What to work on: Every record below must be returned word for word, with the pictures left out.

Data excerpts
===

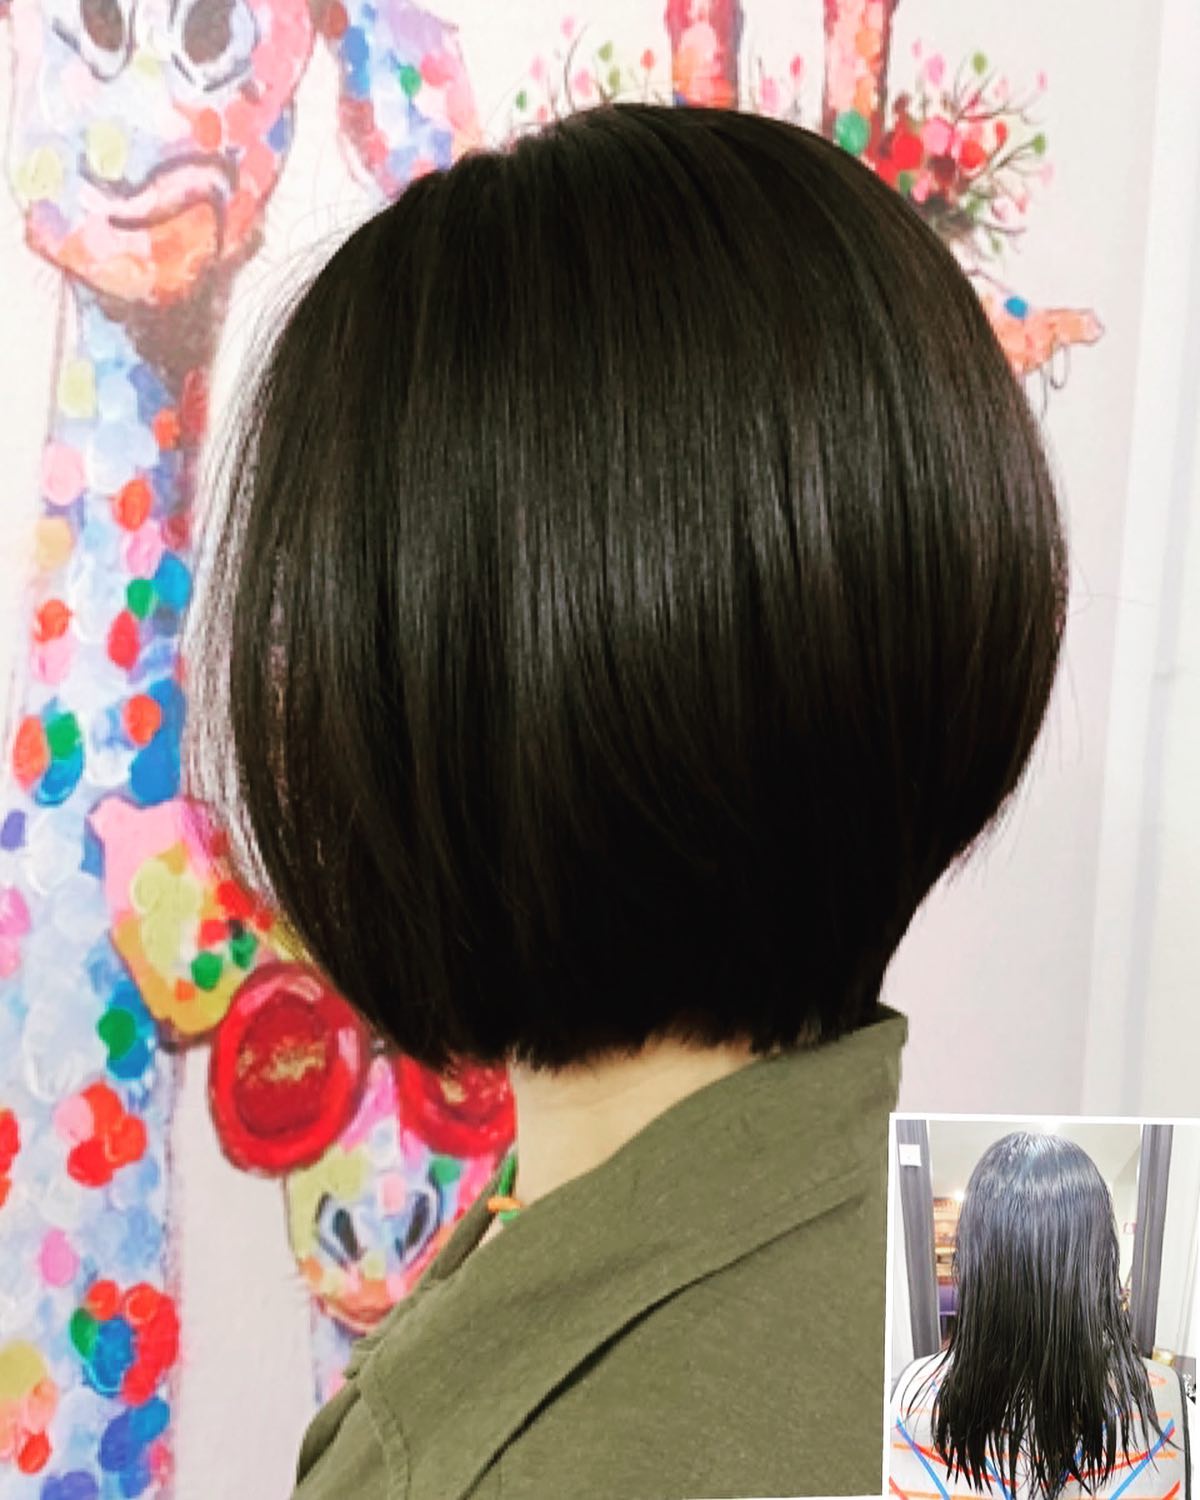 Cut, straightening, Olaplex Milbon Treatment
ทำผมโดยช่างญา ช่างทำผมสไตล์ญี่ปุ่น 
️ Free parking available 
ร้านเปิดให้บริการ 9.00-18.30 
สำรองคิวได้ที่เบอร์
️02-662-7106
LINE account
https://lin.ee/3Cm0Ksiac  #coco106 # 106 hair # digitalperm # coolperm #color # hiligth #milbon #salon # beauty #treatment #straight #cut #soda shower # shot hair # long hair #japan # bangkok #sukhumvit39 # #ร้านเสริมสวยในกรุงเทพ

===

Reply to the task:
 Cut, straightening, Olaplex Milbon Treatment
ทำผมโดยช่างญา ช่างทำผมสไตล์ญี่ปุ่น 
️ Free parking available 
ร้านเปิดให้บริการ 9.00-18.30 
สำรองคิวได้ที่เบอร์
️02-662-7106
LINE account
https://lin.ee/3Cm0Ksiac  #coco106 # 106 hair # digitalperm # coolperm #color # hiligth #milbon #salon # beauty #treatment #straight #cut #soda shower # shot hair # long hair #japan # bangkok #sukhumvit39 # #ร้านเสริมสวยในกรุงเทพ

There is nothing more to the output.